If the shadow priest is 500 dps and non-priests are 1000 dps, you have an average of 3000 dps on Curator with the priest not killing adds (5 seconds to kill adds, so 25000 damage from non-priests and 5000 damage from the priest). With the priest on adds, they die in 4.545 seconds, giving you 3000 dps on Curator.
The only reason to have more people killing adds than you need to keep up with the spawns is to reduce the time they're dealing damage. If you completly ignore the cost of switching targets and side-effects of adds such as people taking damage, an add spawning every 10 seconds is the same as Curator getting healed for an amount equal to the add's health every 10 seconds. Because Shadow Priests have the highest target switch penalty, they should be the first ones to be switched off of add killing when possible.

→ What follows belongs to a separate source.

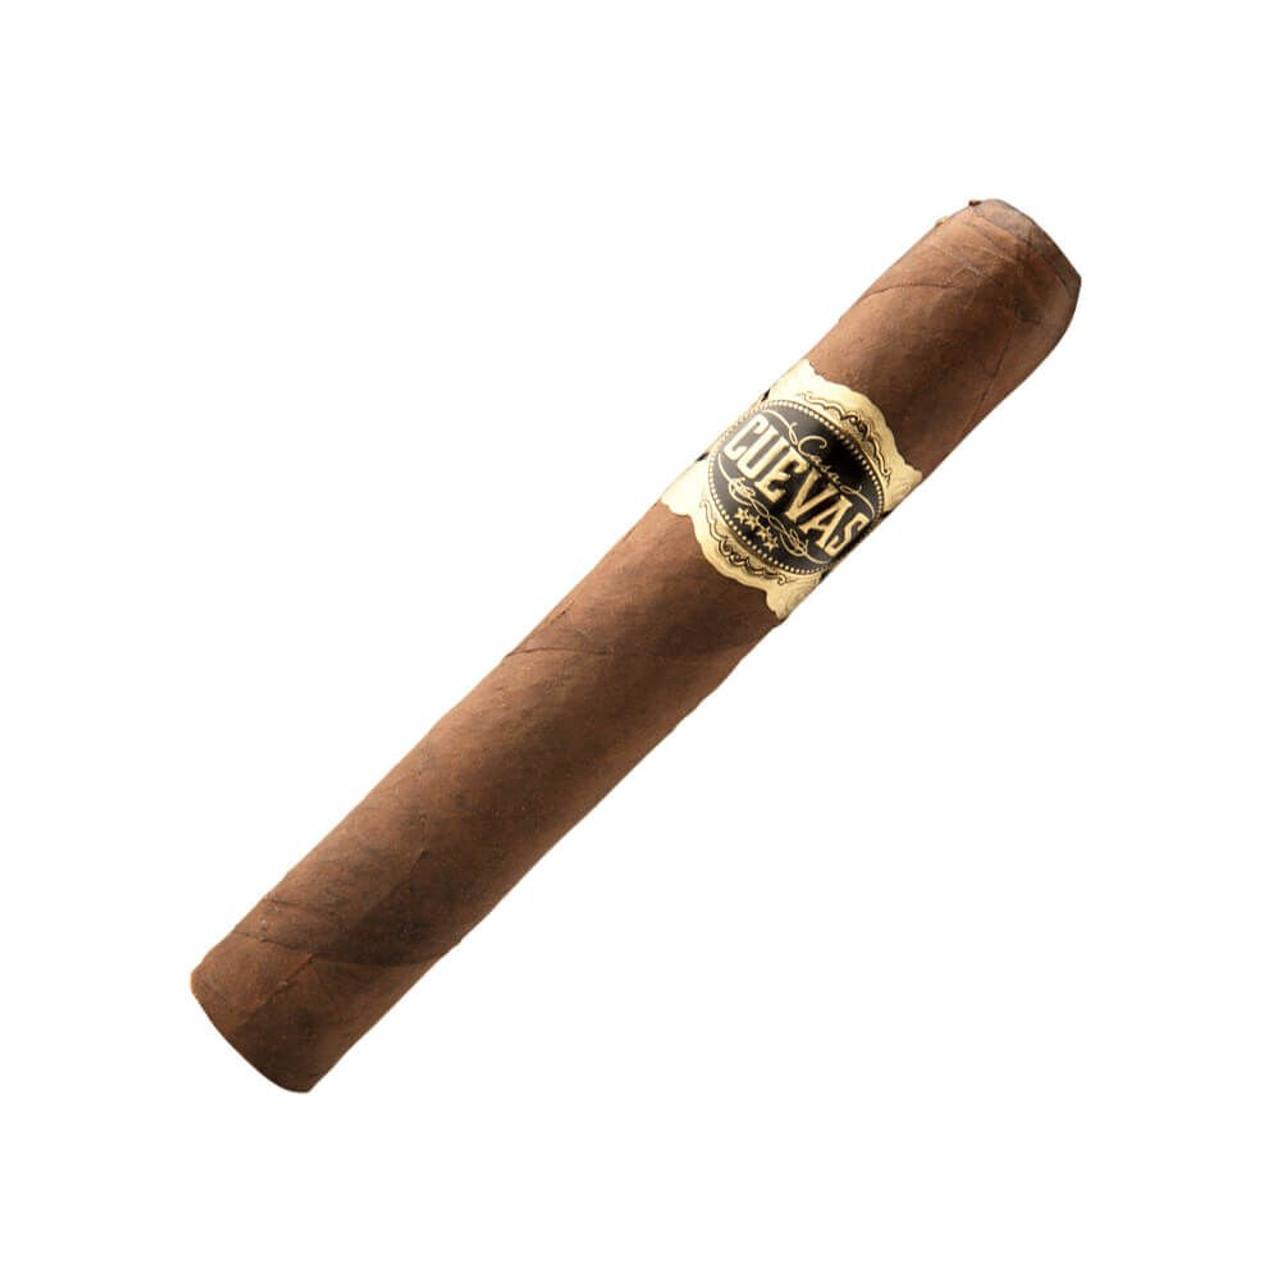 Casa Cuevas Maduro Robusto Cigars - 5 x 52 (Box of 20)

To be honest with you to change targets with a hunter with the autoshot changes is as easy as selecting it, with target transition you are talking about the easiest class to do it vs. one of the most difficult, there is obviously a lot of clouded vision there in how caster DPS works.
Just mention how they work to the hunter and he should be okay with it, and as said as long as you can get the adds down in ~10s you should be okay.
Well, it's easy to autoshot the flares yes, it's somewhat frustrating doing anything else though, since you don't usually get time to weave steady shots between the autoshots on such short lived targets.
That being said, I don't know why the OP's hunter cares what the shadow priest is doing, unless the hunter is being asked to solo adds and can't (which might be the case on Kargath, but I doubt it's the case on Curator). If God sees fit to grant me a shadow priest, I'd say let him do whatever he wants to, so long as he generates mana from doing it.
We kill him the standard way, not allowing him to get to 250% save once toward the end which we shieldwall through to get some extra dps.
Our shadow priests dps all the adds, but never start on the first one. We have the whole raid's dps except the shadow priests start on the first add, and the shadow priests start on the second. When the first add dies, the raid assists on the shadow priests' mob, then everyone but the mages go back to hydross. This results in very nice damage output as the warlocks get the boost from shadow weaving going into the second add and minimizes target switching from the shadow priests. I think they may drop a spell on the first add for misery, but I'm not sure about that.
"There is much pleasure to be gained from useless knowledge." - Bertrand Russell
To be honest with you to change targets with a hunter with the autoshot changes is as easy as selecting it, with target transition you are talking about the easiest class to do it vs. one of the most difficult, there is obviously a lot of clouded vision there in how caster DPS works.
With the Hunter's Mark changes in 2.1.0 a hunter will lose some DPS by switching targets as well (unless there are multiple hunters to maintain multiple HM).